Chasing Idols Away: A Masterpiece Sermon

The resource today is the New Attitude talk by pastor C. J. Mahaney. (Click the little play button next to the message entitled: "Discern Your Heart.") New Attitude is a conference held annually for Christian singles in Louisville, KY that attracts some of the best Christian speakers out there. Mohler, Dever, Piper--they all go. Anyway, the NA website contains the talks from this year's conference, and I want to encourage you to listen to C. J.'s talk. It is funny, enjoyable, and piercingly sharp. Don't skip this message because it sounds like it was given to a very young audience. It was given to a young audience, but this does not detract from its quality or its depth. Though topical due to its nature (a convention talk), it is a masterpiece of a sermon, because it is theological, understandable, and enjoyable. C. J. weaves stories, exposition, application, humor, and insight as well as anyone I have heard, and if you have found yourself struggling with idolatry recently, you will find his talk bracing. It's long, but it's terrific, and goes by very quickly.

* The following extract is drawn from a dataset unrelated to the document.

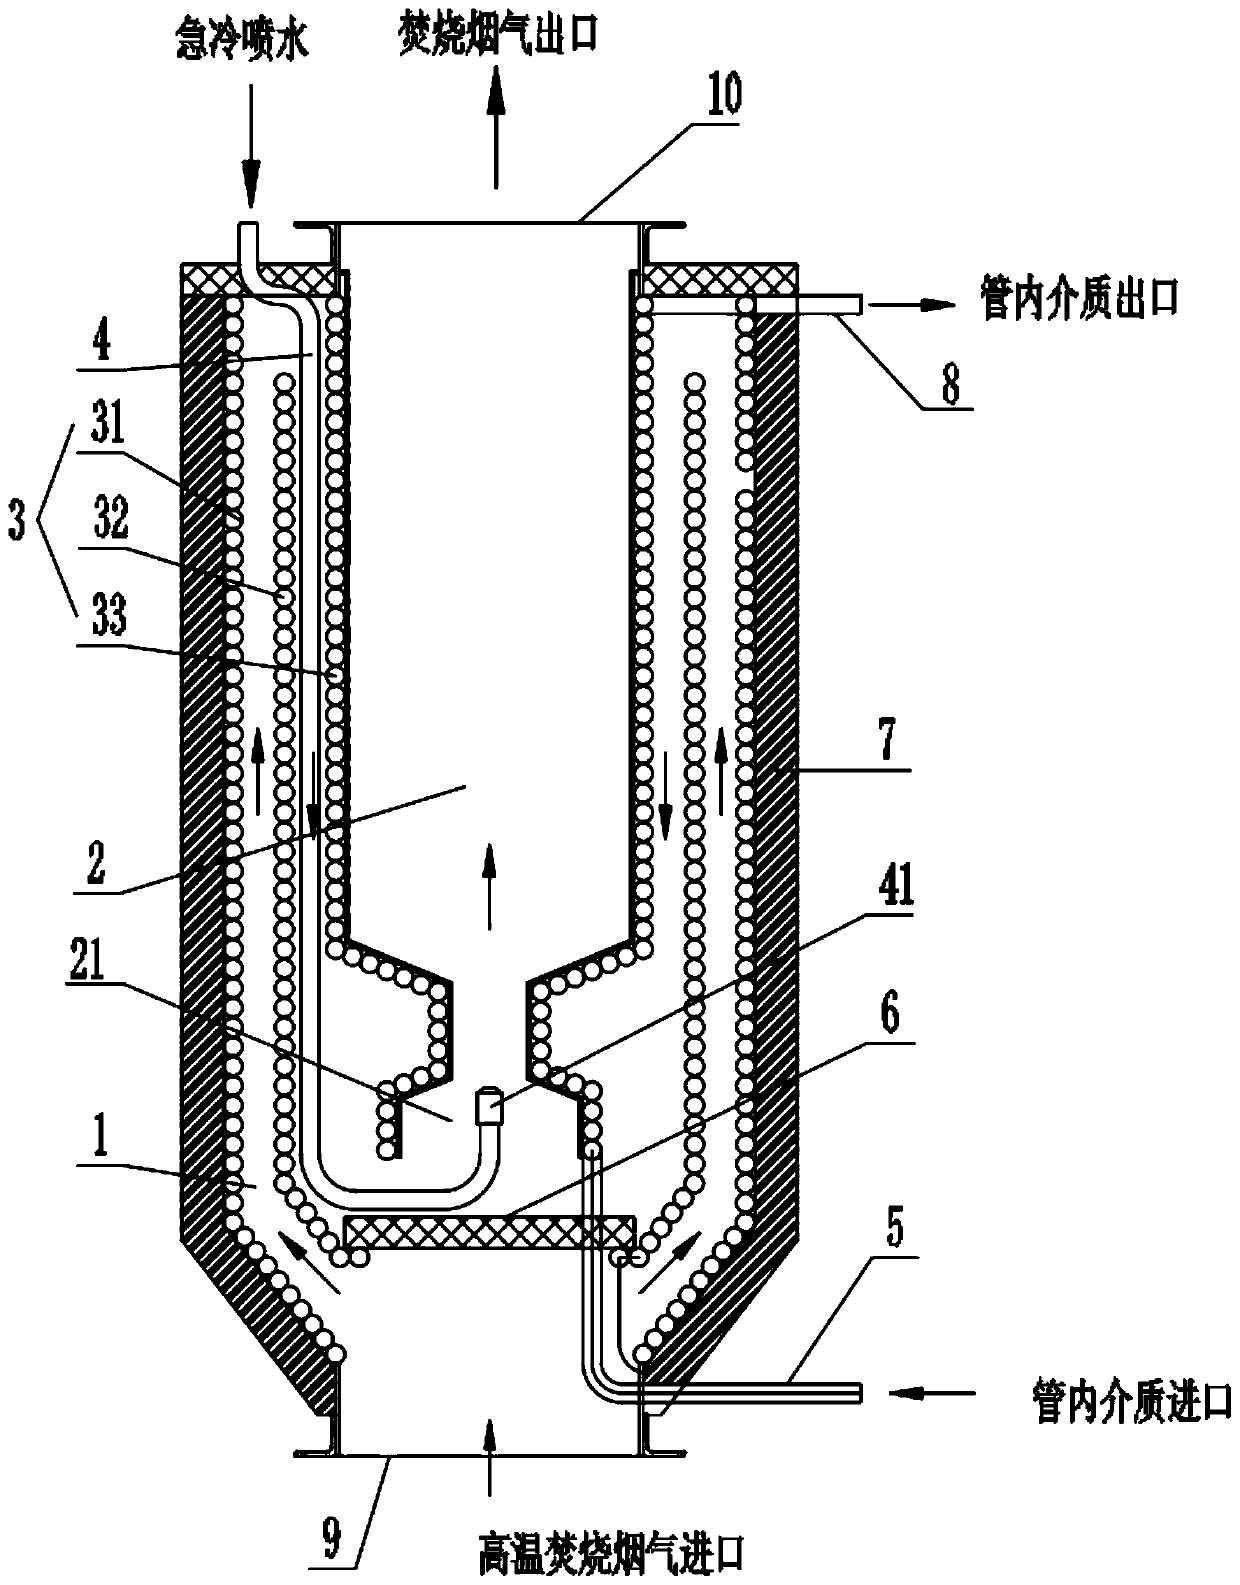 Waste incineration flue gas cooling and quenching integrated device

Perhaps you find yourself guilty of a mistake I sometimes make. I assume that because I'm theologically educated, I don't need "basic" preaching. I don't need to hear the more elementary stuff. Well, I'm all for high-level preaching, for challenging theology and insightful exegesis, but I stand to benefit from an applicational sermon as much as anyone else. We sometimes make the mistake of thinking that once we reach a certain level of Christian maturity, we don't need applicational preaching, and we can sustain ourselves solely through more theologically challenging preaching. That is bunk. I am to be chastised for my thinking. I need application. I need a good, searching meditation on idolatry. I haven't outgrown my sin--why should I think I have outgrown a meditation on sin? As long as we sin, we need good, solid, even basic preaching that condemns our sin and exalts God's holiness. I am not saying that I want simplistic preaching, of course; but simplistic and simple are two different things entirely. Most do not benefit from simplistic. All benefit from simple.

Whether you're a pastor or a layperson, a PhD or a freshman, you will richly benefit from this talk. Don't make the error I sometimes do. Don't ever think yourself above a simple exhortation. We never will be. We need such things very much. Click on the message, and chase your idols away this weekend.


Anonymous Danny Slavich said...

Owen, thanks for this link. I'm listening to it right now.